====== Data for analysis
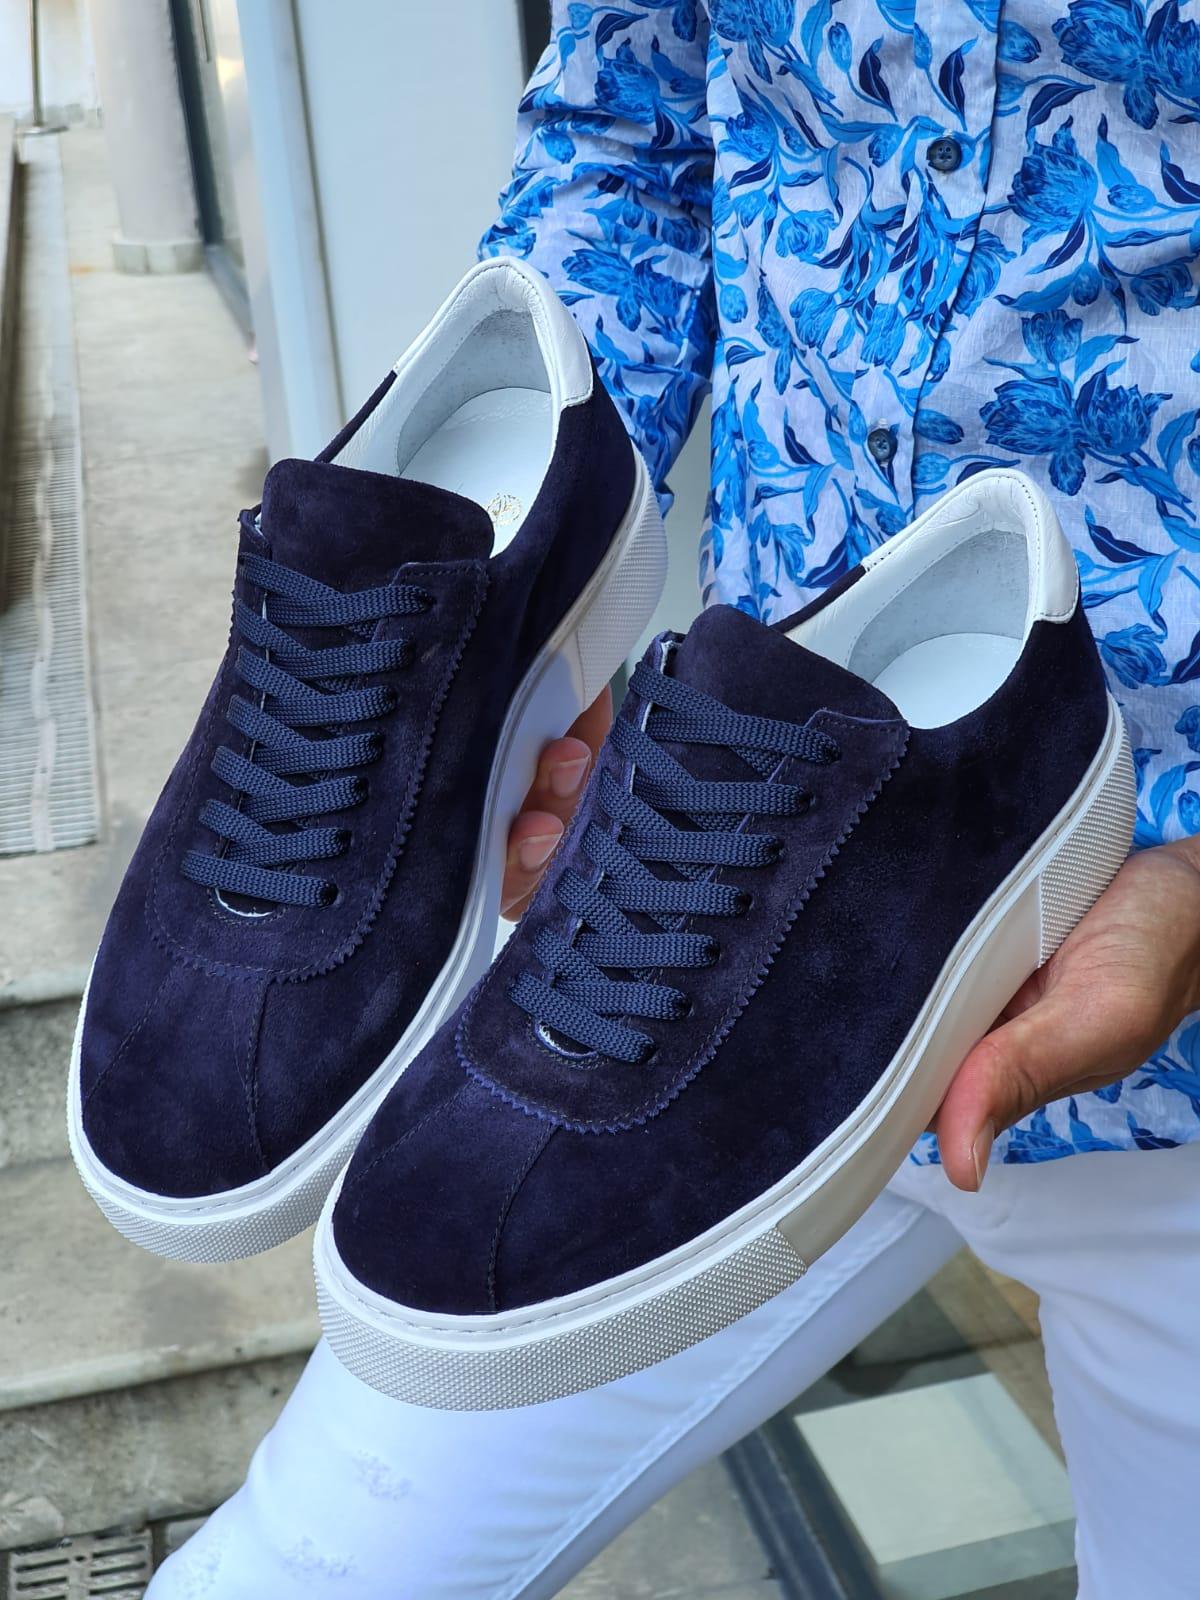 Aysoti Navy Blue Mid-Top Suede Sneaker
============
====== Data for analysis
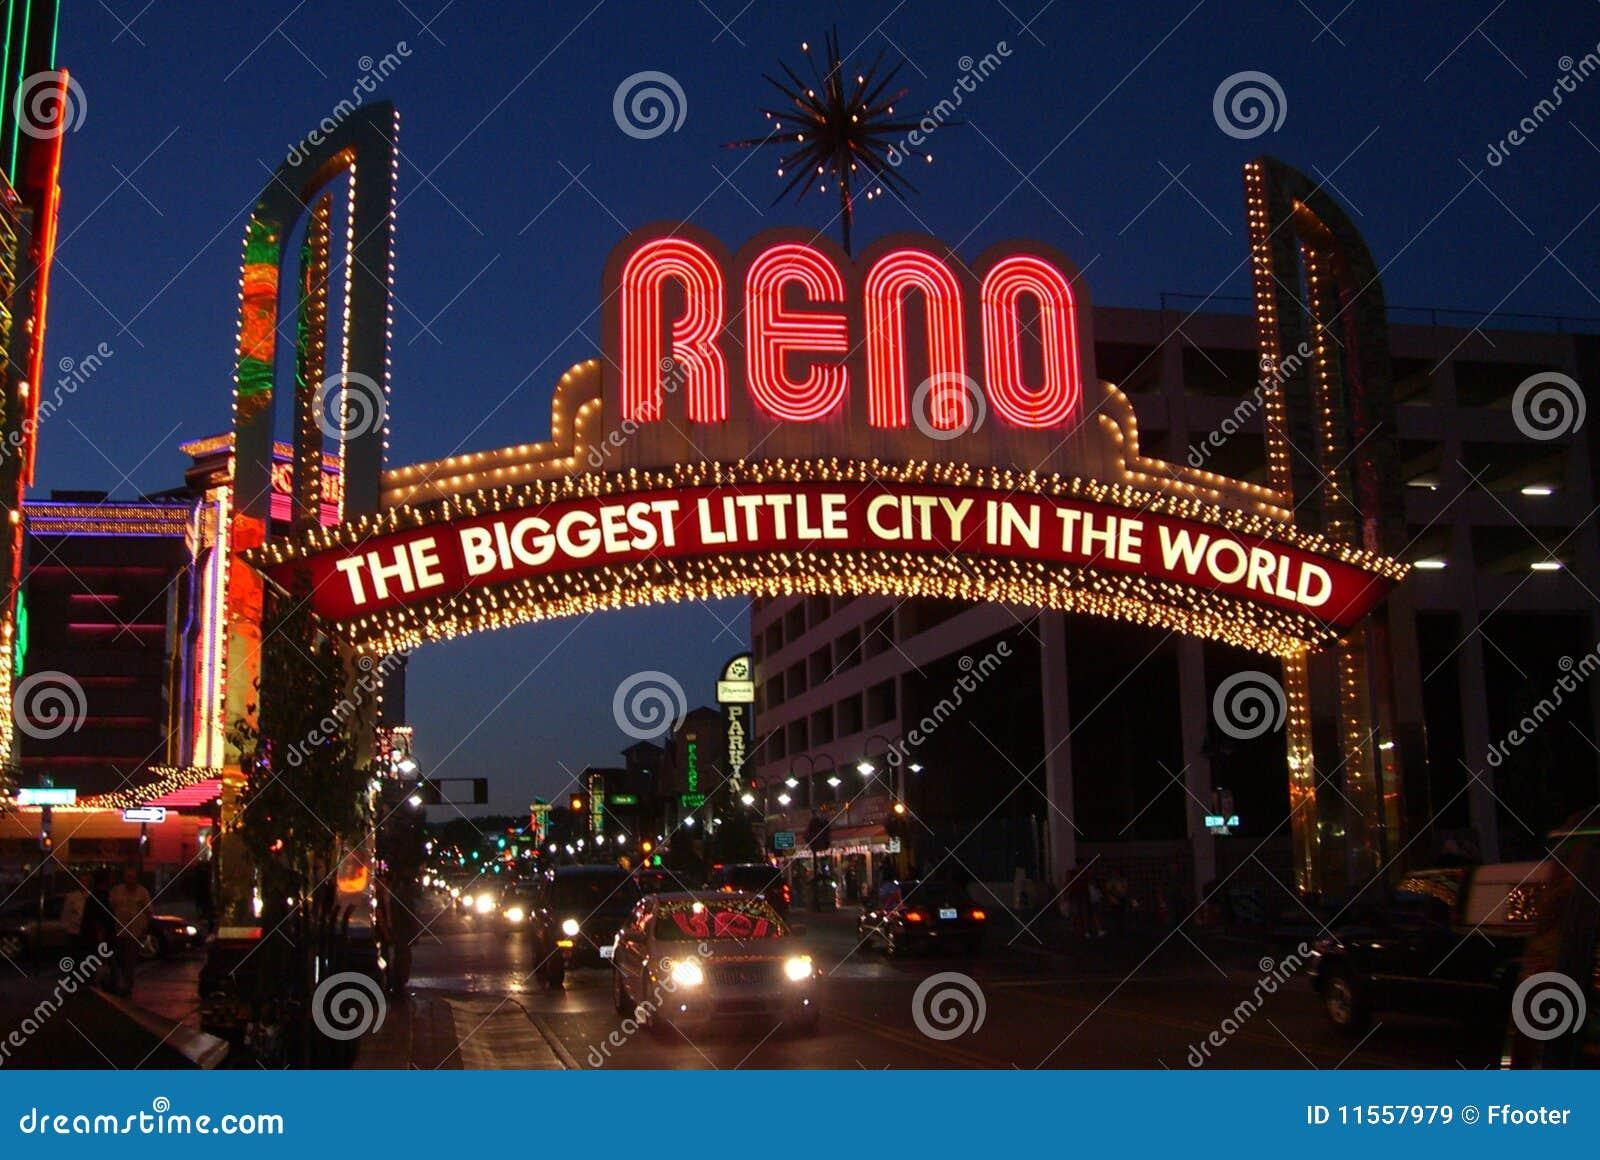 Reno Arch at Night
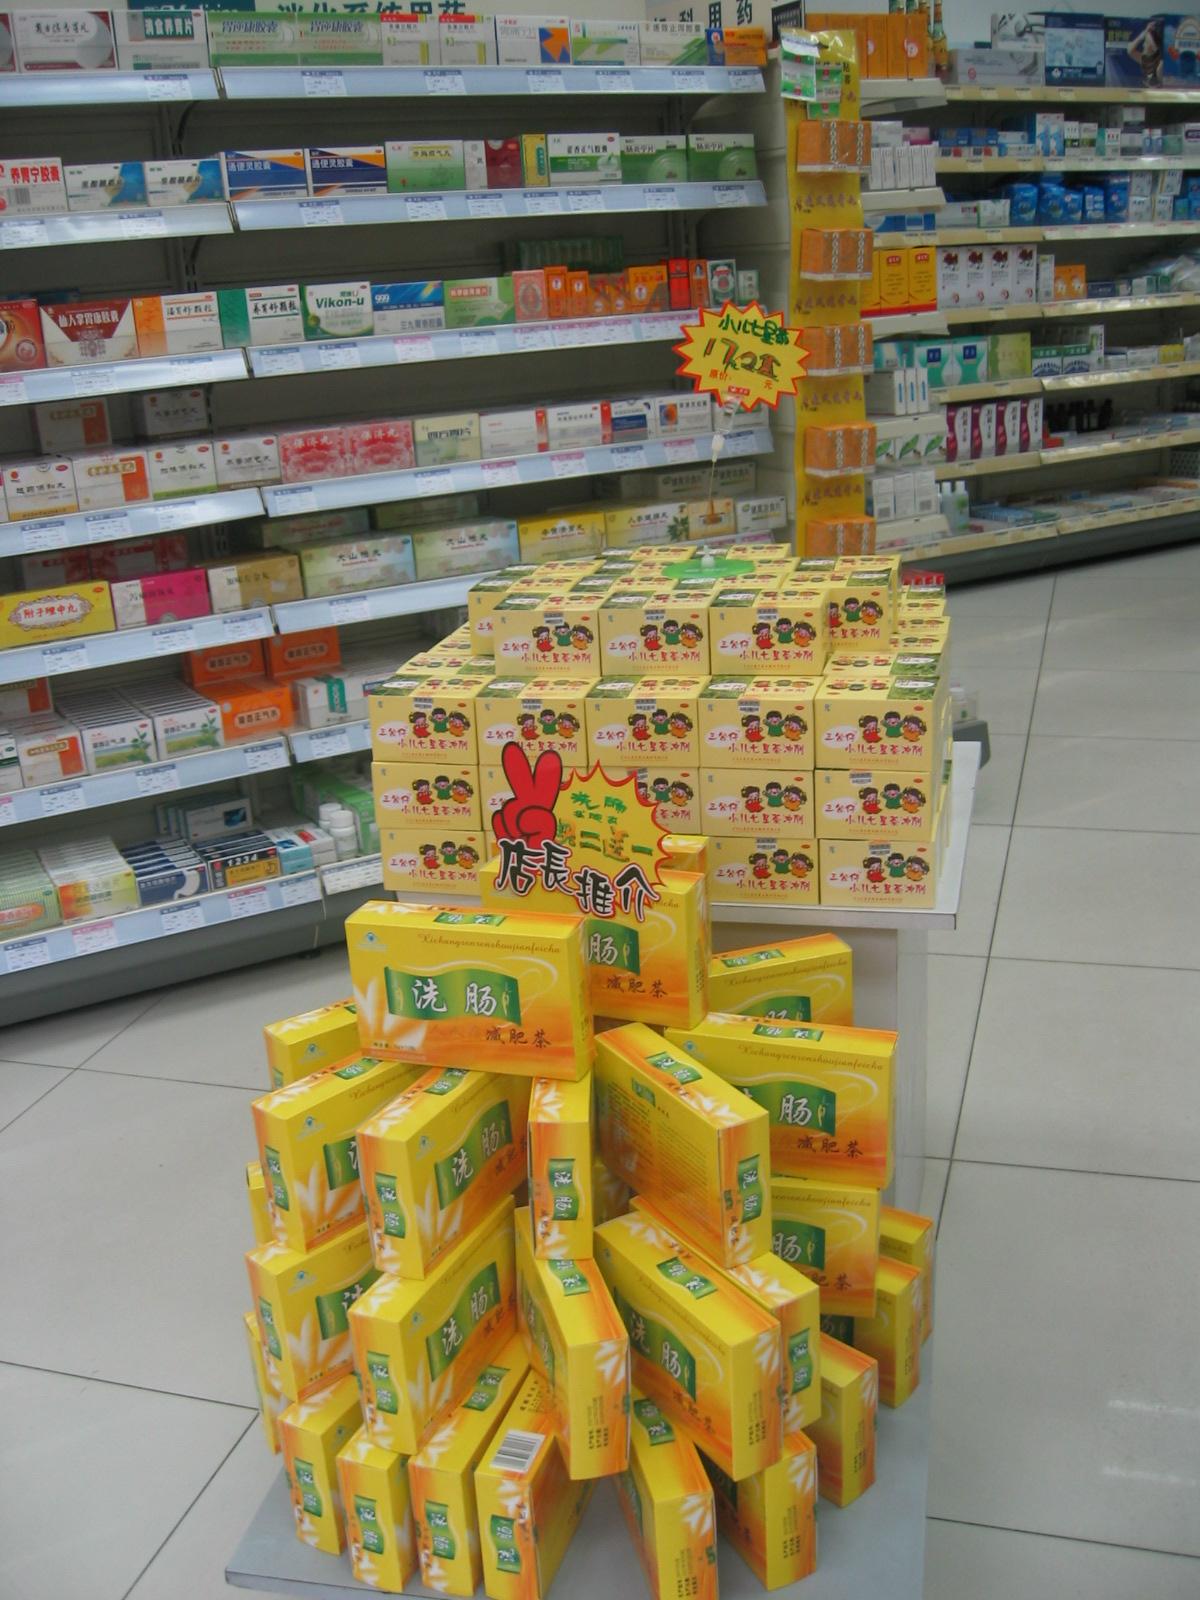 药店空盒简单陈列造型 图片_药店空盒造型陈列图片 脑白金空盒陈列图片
============
__Task item__: Everything above from the line containing "Reno Arch at Night" through the line containing "药店空盒简单陈列造型 图片_药店空盒造型陈列图片 脑白金空盒陈列图片" must be repeated exactly, and the pictures must be left out.

__Answer to the exercise__:
 Reno Arch at Night
 药店空盒简单陈列造型 图片_药店空盒造型陈列图片 脑白金空盒陈列图片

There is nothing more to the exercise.